Ross MacIver

Personal information
- Date of birth: 28 February 1999 (age 27)
- Place of birth: Inverness, Scotland
- Height: 6 ft 2 in (1.89 m)
- Position: Forward

Team information
- Current team: Falkirk
- Number: 9

Youth career
- 0000–2017: Ross County

Senior career*
- Years: Team / Apps / (Gls)
- 2017–2019: Ross County / 0 / (0)
- 2017: → Wick Academy (loan)
- 2018: → Forfar Athletic (loan) / 10 / (1)
- 2019: → Elgin City (loan) / 15 / (4)
- 2019–2021: Motherwell / 8 / (1)
- 2020–2021: → Greenock Morton (loan) / 6 / (0)
- 2021: → Partick Thistle (loan) / 7 / (2)
- 2021–2022: Partick Thistle / 17 / (0)
- 2022: → Alloa Athletic (loan) / 9 / (1)
- 2022–2023: Alloa Athletic / 36 / (6)
- 2023–: Falkirk / 72 / (20)

= Ross MacIver =

Scottish footballer

Ross MacIver (born 28 February 1999) is a Scottish professional footballer who plays as a forward for club Falkirk. He previously played for Ross County, Motherwell and Partick Thistle, and has spent time on loan at Wick Academy, Forfar Athletic, Elgin City, Greenock Morton and Alloa Athletic.

==Career==
===Ross County===
MacIver came through the Ross County Academy and was part of the Ross County Under-20s team that won the 2016–17 SPFL Development League for the first time in the club's history. He made his first team debut in the 2018–19 Scottish Challenge Cup third round against Montrose coming on for the last 13 minutes of the match and taking home the man of the match reward for his outstanding efforts.

====Loans====
In January 2017, MacIver was loaned out to Highland Football League Club Wick Academy until the end of the season. On 26 January 2018, along with teammate Russell Dingwall, he was loaned to Scottish League One team Forfar Athletic until the end of the season. MacIver went on to score one goal in ten games for the club which caught the attention of premier league sides such as Aberdeen and Kilmarnock who were in desperate need of a predator type attacker.
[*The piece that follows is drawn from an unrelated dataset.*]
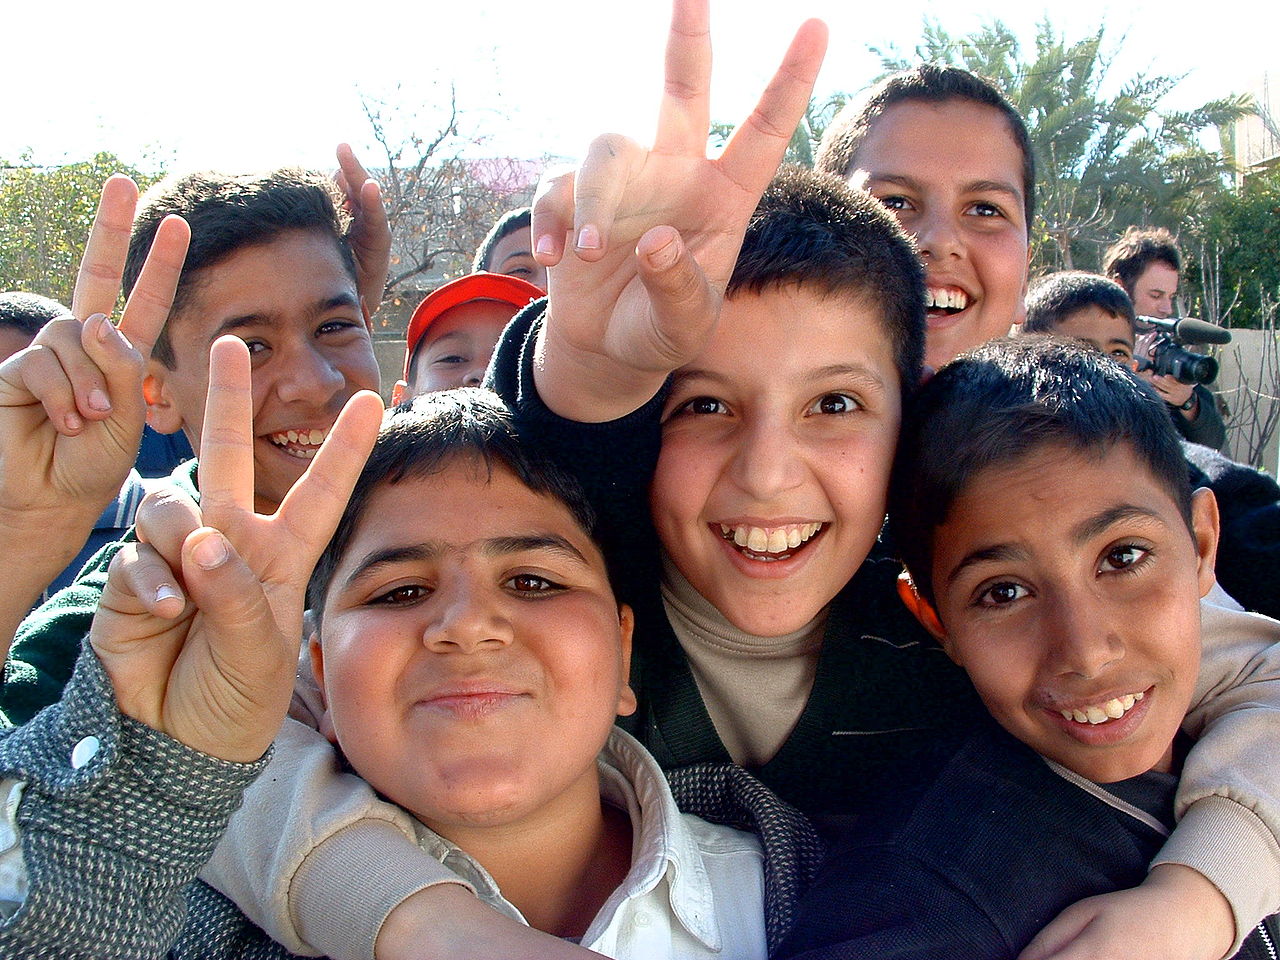 Iraqi boys in 2003
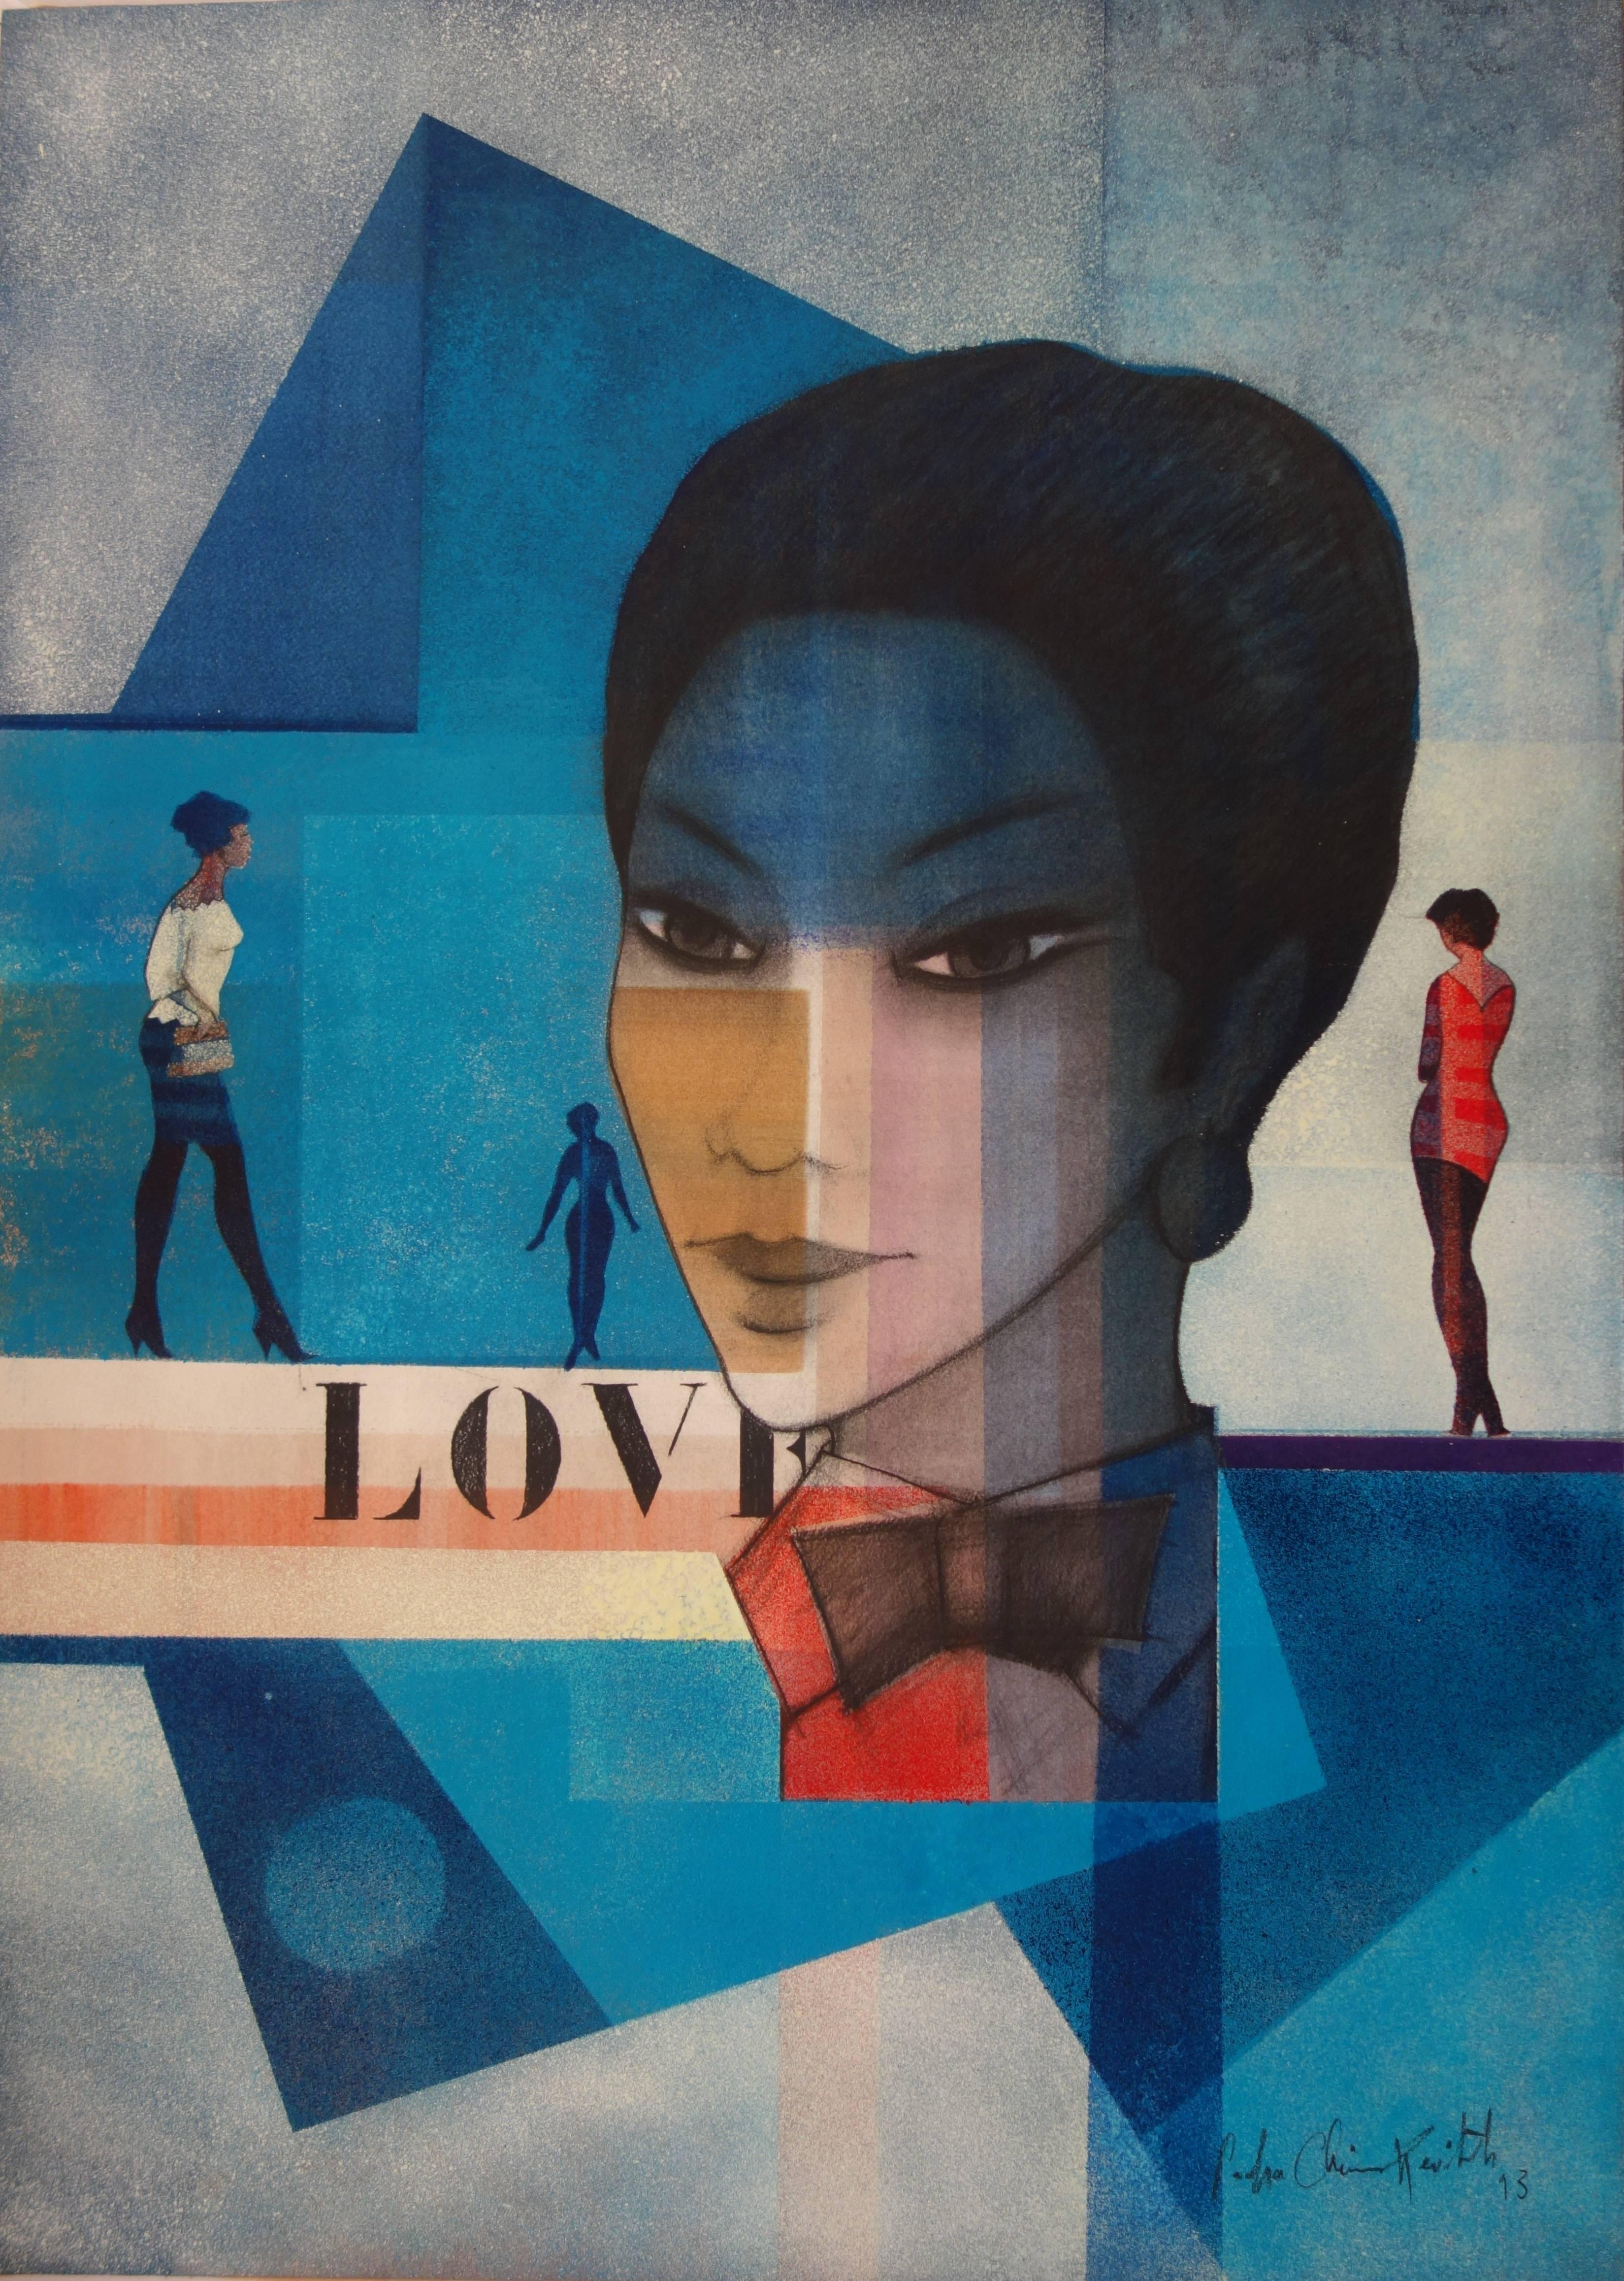 LOVE (Woman in Blue) - Original signed watercolor - 1993

In February 2019, MacIver joined Elgin City on loan for the remainder of the season.

===Motherwell===
Ahead of the 2019–20 season, having been released by Ross County, MacIver signed for Motherwell. He made his debut as a substitute on 26 December 2019, away to his former club Ross County, scoring Motherwell's equalising goal in a 2–1 win. This ended up being the only goal of his senior Motherwell career. In other performances he ran around efficiently which was highly commended by the Steelmen faithful .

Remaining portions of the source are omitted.